Our globalised world needs a single, user-friendly measurement system so we can all communicate clearly about our physical world (health, food, energy, environment, infrastructure, transport, etc).

The International System of Units is conceptually elegant, however its notation is a historical mess, inherited from 150 years of irregularities in the metric system. It is also an administrative mess: the units and notation in the SI Brochure 8 (2006) (the primary scientific authority) ('SI8' here) and ISO 80000-1:2009 (the primary engineering authority) are inconsistent.

Consequently, the SI's clarity, usability and utility are impaired:
  • the subtleties and irregularities of the SI notation are difficult to understand and remember
  • SI expressions are unnecessarily difficult to write on a keyboard
  • SI expressions are problematic to display in a web page and transfer between computers.
  • SI expressions are syntactically ambiguous, so cannot be parsed by a software style-checker or  mathematical processor
These problems result in the SI being misused by writers/journalists, which contributes to public misunderstanding and more poor SI usage. The SI specification and notation should be made as simple and clear as possible, if only to encourage the citizens of the USA to adopt it! Here are the problems in the recent versions of the SI (SI6/7/8 and ISO 1000/80000), trivial and significant; some are fixable, for some it is too late. [Suggested fixes are in italics]

0. The two international SI specifications are inconsistent
SI8 and ISO 80000:
(a) imply different interpretations about expressing a quantity
SI8: "the value of a quantity is the product of the number and the unit, the space being regarded as a multiplication sign" [i.e. the space is explicitly the number-unit product symbol]
ISO: "The symbol of a unit shall be placed after the numerical value in the expression of a quantity, leaving a space between the numerical value and unit symbol" [i.e. the space is a formatting convention]

(b) specify different unit-unit product symbols
SI8 5.1: "Multiplication must be indicated by a space or a half-high (centred) dot (⋅), since otherwise some prefixes could be misinterpreted as a unit symbol."
ISO 80000 7.2.2: illustrates the allowed product symbols as "N ⋅ m" (with spaces), "N m" and "Nm", the latter being an implicit multiplier that can be used in certain combinations.

(c) specify different "non-SI units allowed for use with the SI" -
SI8: min, h, d, °, ',", ha, L/l, t, eV, u/Da, ua
ISO: min, h, d, °, ',", L/l, t, eV, u

What on Earth do ISO TC/12 and BIPM CCU think they are doing by running separate unit fiefdoms and versions of the mother of all international conventions?
[Fix: these specification are reproduced and interpreted in many secondary documents and in legislation - ISO 80000 should be made identical with SI8 urgently. ]


1. The implicit-product rule in ISO 80000 is confusing and widely misunderstood
ISO 80000 7.2.2: illustrates the allowed product symbols as "N ⋅ m" (with spaces) and "N m" and notes "The latter form may also be written without a space, i.e.
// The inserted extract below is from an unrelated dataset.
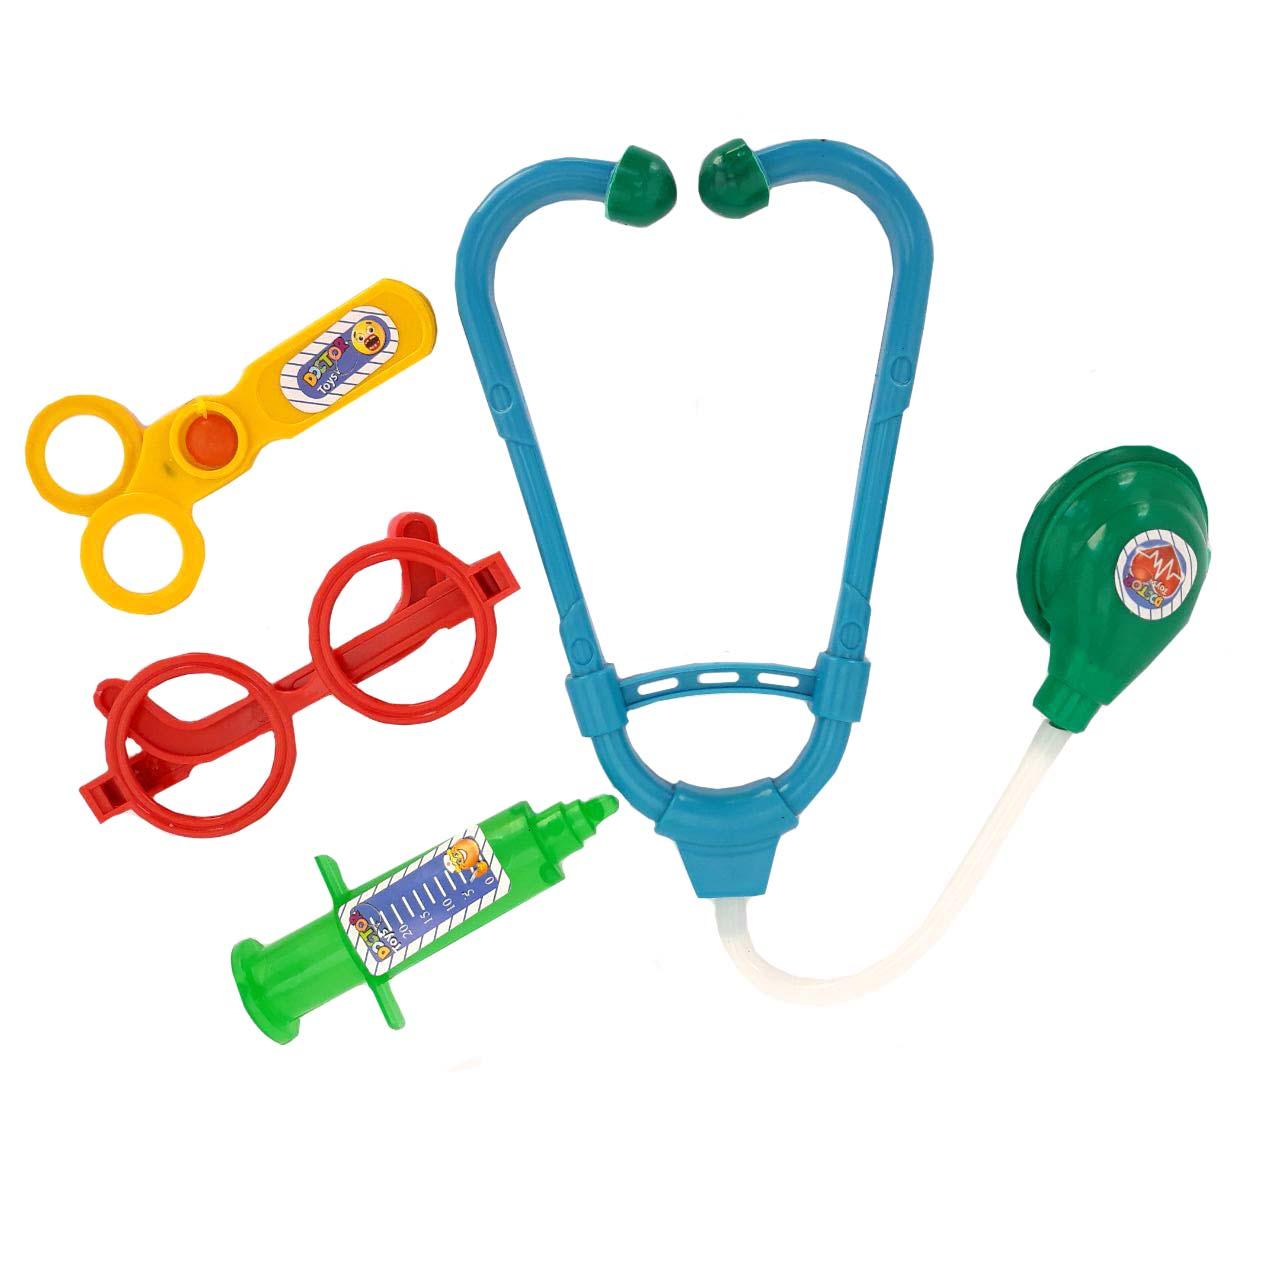 ست اسباب بازی تجهیزات پزشکی کد B110

Nm, provided that special care is taken when the symbol for one of the units is the same as the symbol for a prefix. This is the case for m, metre and milli, and for T, tesla and tera."
This clause is unclear (what does "take special care" mean?) and incorrect since only the leading unit needs to be unique (e.g. the symbol "hW" is ambiguous; the symbol "Wh" is unambiguous). It should simply state "except when the symbol for the first unit is the same as the symbol for a prefix". Consequently, the rule is widely misunderstood or ignored, resulting in many ambiguous SI expressions, such as "mAh" used to designate the capacity of household batteries.
It is also bad practice to illustrate the multiplier symbol "N ⋅ m", instead of describing it - from Acrobat Reader or a print copy, it is impossible to tell if it contains spaces, and this has a large impact on the parsability of an SI quantity expression.
[Fix: in any case, the ISO 80000 implicit multiplier should be discarded, as per SI 8, allowing humans/software to unambiguously identify both the prefix and unit symbols in a derived unit. The middle-dot multiplier should be explicitly stated]
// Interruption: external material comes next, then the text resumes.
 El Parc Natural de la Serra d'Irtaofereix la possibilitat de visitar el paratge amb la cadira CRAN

2. The implicit-product rule in ISO 80000 causes ambiguities
The implicit product symbol combining two unambiguous unit symbols, can still form an ambiguous symbol; e.g. "lm" is ambiguous, representing both lumen and litre-metre.
[Fix: use an explicit multiplier to disambiguate this: lm is lumen, l·m is litre-metre.]

3. The unit-unit product symbol has too many options
The choice of three product symbols in ISO 80000 is bound to confuse users.
In SI 8, the allowed symbols are "N · m" and "N m", which reduces some of the confusion.
[Fix: there should be an explicit single representation of the product symbol, analogous to the SI's single representation of the divisor ("/"), allowing humans/software to unambiguously identify both the prefix and unit symbols in a compound unit. ]

4. The number-unit product symbol is not explicitly stated in ISO 80000
The representation of the multiplier between the numerical value and the unit is not explicitly specified in ISO 80000. Clause 7.1.4 states "Unit symbols...shall be placed after the complete numerical value in the expression for a quantity, leaving a space between the numerical value and the unit symbol." This reads more like a formatting suggestion than the international convention of quantity calculus. Consequently journalists often incorrectly concatenate the number and unit. The explicit specification of a number-unit multiplier would reveal the first axiom of quantity calculus (i.e. that a quantity is the product of a number and a unit).
[Fix: ISO 80000 should simply and explicitly state that the number-unit product symbol is a space.]

5. Some SI symbols are duplicated.
The characters "d", "h","m" and "T" are used both as unit symbols (day, hour, metre, tesla) and prefix symbols (deci, hecto, milli, tera). This can cause confusion, but does not cause ambiguity in SI 6/7/8 and in ISO 80000 if rule 7.2.2 is followed (i.e. if these symbols are not used before an implicit product symbol).
[Fix: none, it's too late]

6. The space and full-stop are ambiguous symbols
Since these symbols have other meanings in a SI expression, this makes the computer parsing of SI expressions problematic. For example in the ISO 1000 expression "1.234 567 x 103 N.m/s", the space represents a digit separator, two scientific notation separators and the number-unit multiplier; the full-stop represents a decimal point and unit-unit multiplier.
[Fix: the space should be reserved as a separator, and the full-stop reserved as a decimal point. ]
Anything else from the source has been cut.